太子颔首,吩咐了一干人好生照看着,起身携了人离开了。
“姐姐,为何要将太子哥哥赶走?”见寝殿中的人都已散去,傅时雪又向榻前靠了靠,看着傅闻辛的眼中有些不明所以,轻声问道。
傅闻辛躺在榻上,眼神毫无焦点的看向帐顶垂下来的穗子,心飘忽忽的往下坠,“以往东宫只我一人,有孩子,自是喜事。如今,东宫人多了起来,各自心里都有自己的较量,有孩子,未必就是喜事了。想当初皇上为何要将是知交予林侯爷,先皇三子,皇四子的夭折不就是最好的例子么?”
傅时雪闻言哑然怔在那里,神情有些压抑。一时间,寝殿中蓦然沉寂,满是苍凉的安宁。傅时雪心中闷闷的,这深宫之中,步步荆棘,充满陷阱,真是活生生的人间炼狱啊。而如今,在这炼狱之中的,却是自己的亲姐姐。
傅闻辛不再说话,乏累的闭上了双眼,有些昏昏沉沉的睡了过去,一旁的傅时雪不放心,守着她直到天黑才离去。
当晚,林润和来东宫接她,两人一道坐车回了府中。
采菲与采葑见他们回来,忙给她准备洗澡水,“小姐在宫里一天,可见着明日里的新娘子了?”采葑笑着问。明日赵觞和尹阿大婚,想来那位西钺公主定是不会让众人失望的。
傅时雪闷闷的嗯了一声,紧锁的眉目间有止不住的困顿,她此刻哪有闲心去搭理采葑的八卦,心中全是傅闻辛与孩子。她不再说话,由着两人伺候自己沐浴更衣。她泡在水中,闭上眼睛,眼前浮现出傅闻辛那惨白绝望的脸,说话的语气中满是疏离与孤寂,好似变了一个人。深宫之中步步凶险,太子哥哥又让她这般伤心欲绝,她若是钻牛角尖想不开怎么办?想到此她没由来的心头一颤,蓦地睁开眼,脑中轰然一声一片空白,全然被骇然与无助填满,她越想越怕,猛地一个激灵从浴桶中站起,倒是把进来的林润和吓了一跳,顾不上其他忙奔过去给她披上衣服抱住她。

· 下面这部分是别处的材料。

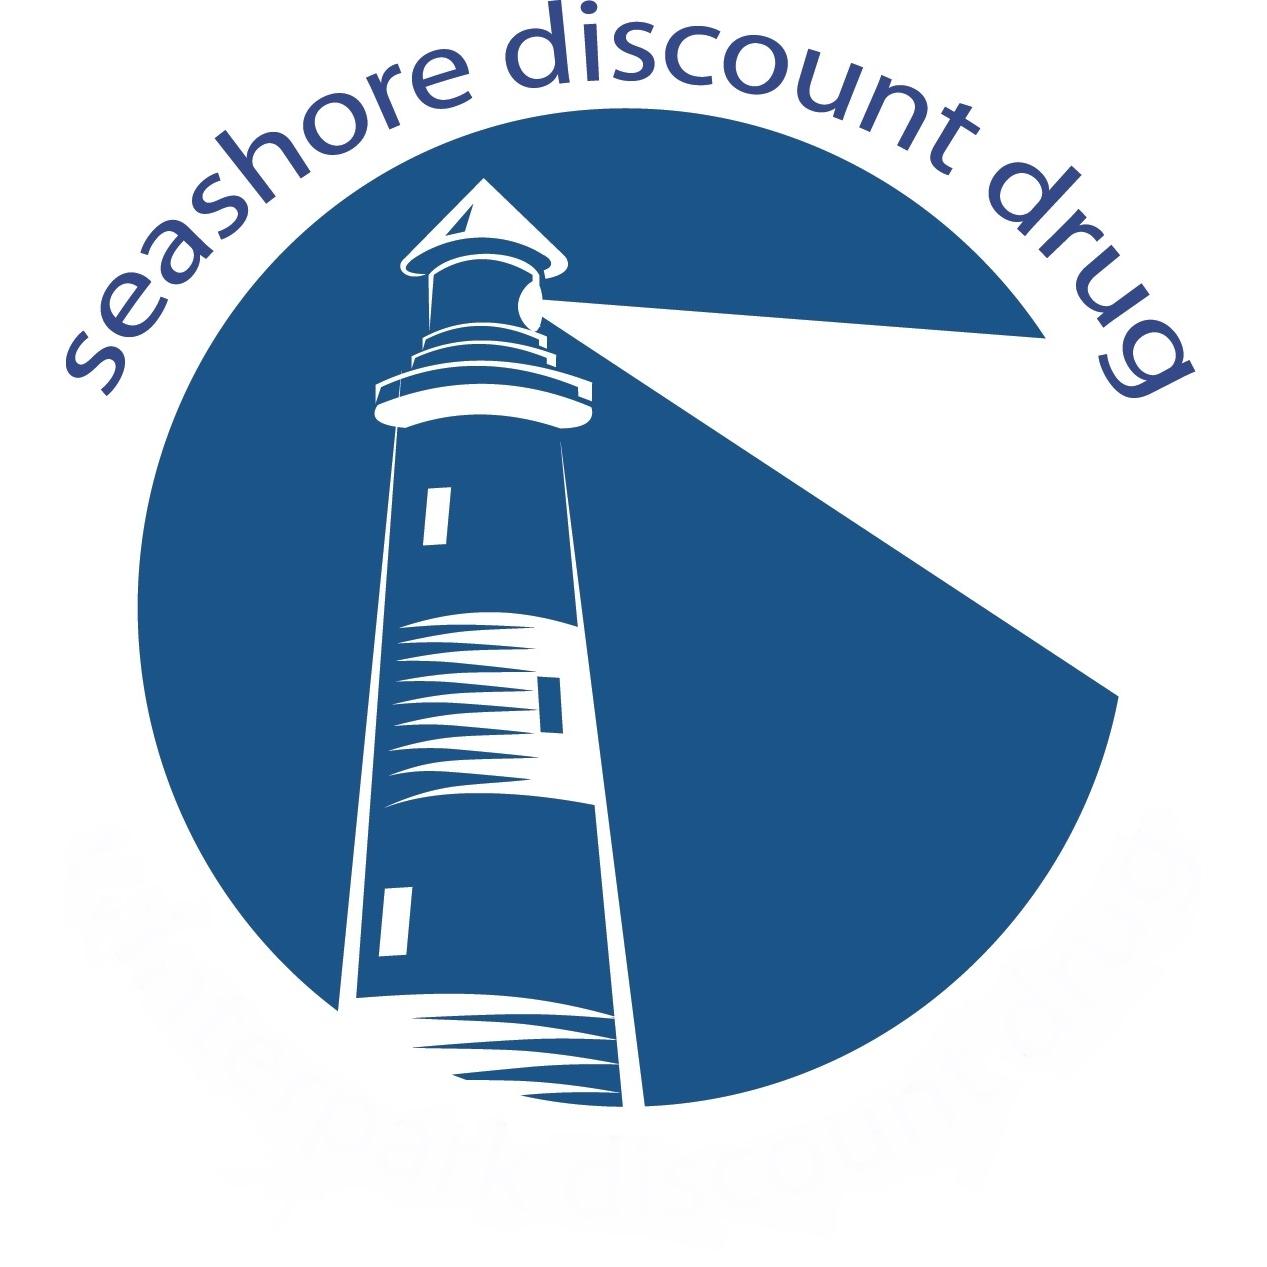 Seashore Drugs, Inc. - Wilmington, NC - Home Health Care Services

他给她理了理鬓边潮湿的发,帮她穿上亵衣,像照顾孩子似的一样样给她打理好,“今日怎么了?怎的看上去不开心?”从东宫出来傅时雪便一副心事重重的样子,一路上只是靠在他怀里不说话,如今回了府,情绪又如此不好,着实是把他吓得不轻。
她有些无力的挣脱开他,满是惶然,“太子哥哥有了新人,姐姐伤心欲绝,我怕她会想不开。”她的目光拉的很远,似是要穿过他看到宫中去,“不行,我得去守着她。”不等说完就要穿衣往外冲。
林润和情急之下去拉她,“如今这么晚了,你怎么进宫去?你姐姐身边有那么多宫人伺候着,眼下又有了身孕,阖宫上下定是会照顾好她的,你放心吧。”他唉了一声,“况且太子身为储君,未来的皇帝,三宫六院是少不了的,这是你姐姐必须要面对的,没有一个君王可以按着自己的性子一生只守着一个人。礼教约束,满朝文武,都不会放过他。”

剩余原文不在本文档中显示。